Photo: Flickr via mancosu
Some people’s willingness to accept income inequality has everything to do with their perception of choice, Pacific Standard’s Tom Jacobs reports.Psychologists Krishna Savani of Columbia Business School and Aneeta Rattan of Stanford University expand on the topic in a study published by Psychological Science:
“The concept of choice makes people less disturbed by facts about existing wealth inequality in the United States, more likely to underestimate the role of societal factors in individuals’ successes, less likely to support the redistribution of educational resources, and less likely to support raising taxes on the rich—even if doing so would help resolve a budget deficit crisis.
Thinking in terms of choice, we argue, activates the belief that life outcomes stem from personal agency, not societal factors, and thereby leads people to justify wealth inequality.”
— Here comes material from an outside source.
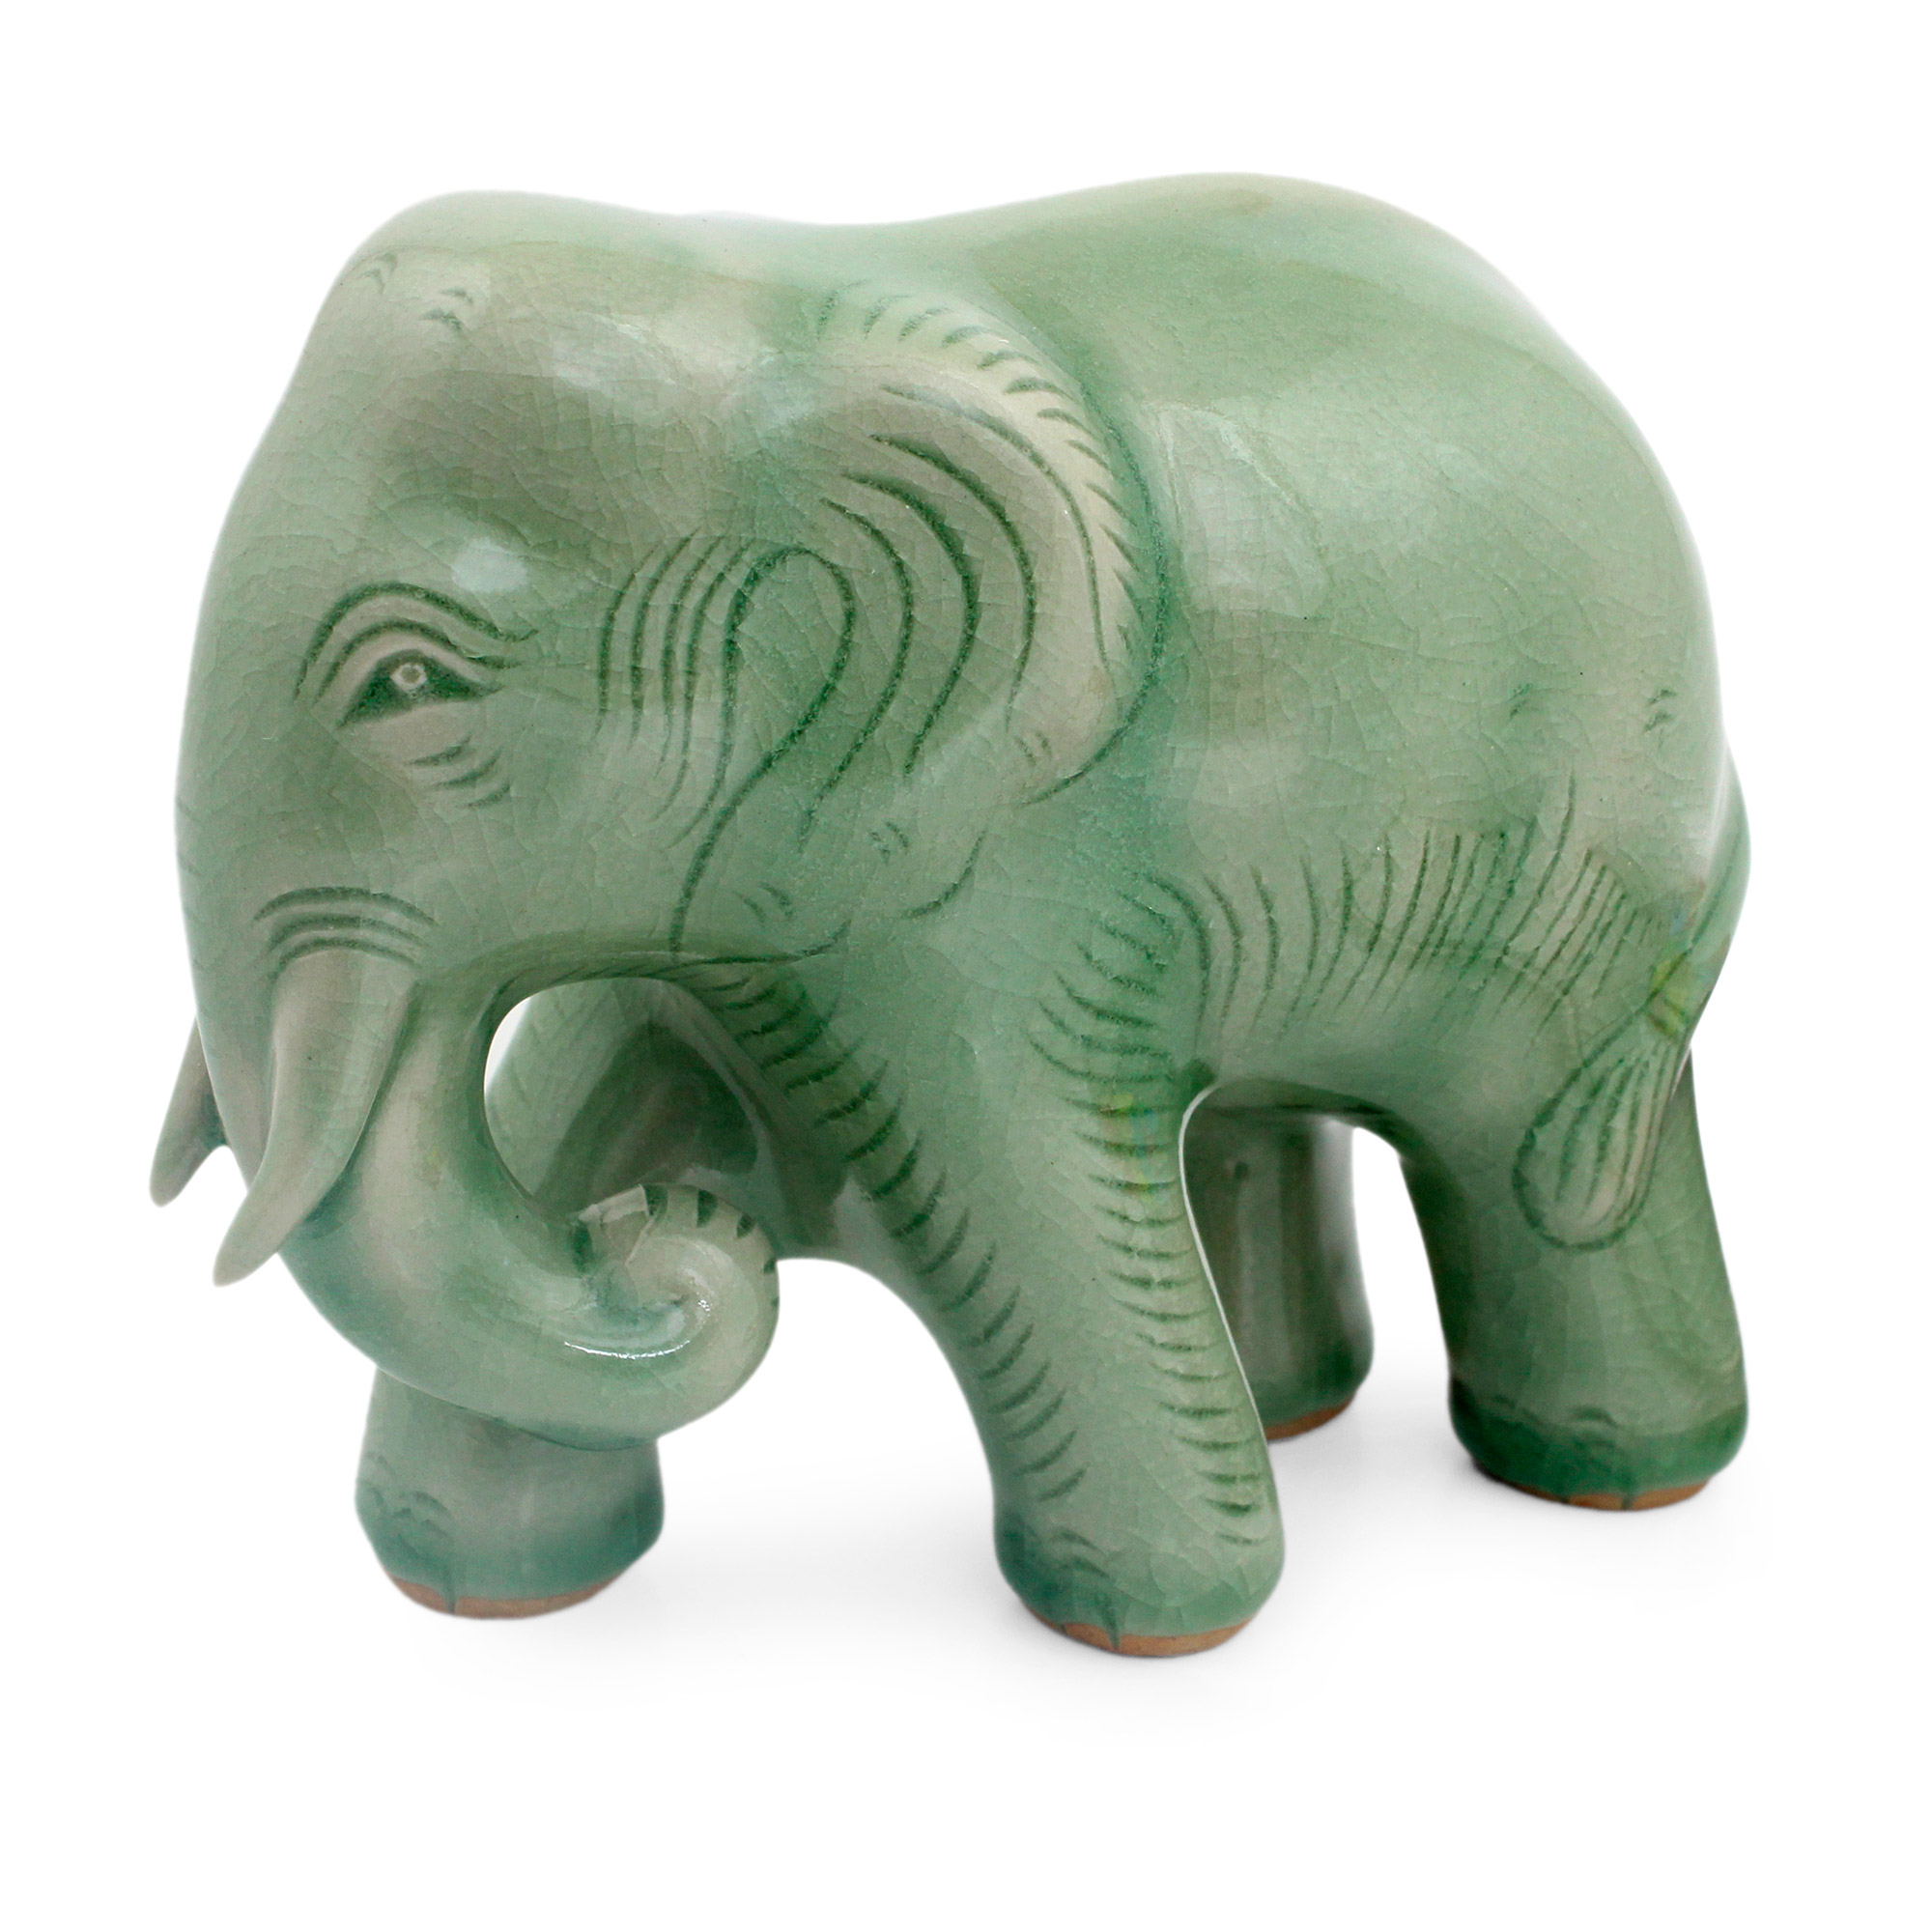 Celadon Ceramic Elephant Figurine by Thai Artisans - Purposeful ...

In layman’s terms, we make peace with the idea that some people are destitute and others are well-off because of personal choices, rather than any possible chinks in our economical and societal armour.
Here’s how Rattan and Savani came to that conclusion:
They used six different experiments, giving half the participants in each experiment a different task. One half were asked to list out a series of choices they’d made over the last 24 hours. The other half were just asked to do something that involved no choice-making.
Afterward, researchers ran through 10 different scenarios illustrating income disparity (i.e.: “Between 1990 and 2010, the average worker’s salary has risen less than 5 per cent, while the average CEO’s salary has risen by 500 per cent.”) to gauge their reaction.
What they found was that people who’d been forced to mull over choices were far less disturbed by news of income inequality and less-inclined to support programs that benefited the poor. For example, they might back a student aid program but not one targeting low-income students only.
“These findings indicate that the culturally valued concept of choice contributes to the maintenance of wealth inequality,” the researches conclude.
It’s an interesting point at a time when the gap between America’s rich and poor grows ever wider.
Between 2005 and 2009, the richest 10% in the country saw their wealth expand from 49% to 56%, according to a survey released last year by Pew Charitable Trusts. Of more than 2,000 adults surveyed, the majority said they felt wealthy citizens simply knew the right people or were born into money.
As a result, two-thirds of consumers said there are “very strong” or “strong” conflicts between the rich and the poor–up 19% from the same report just two years ago.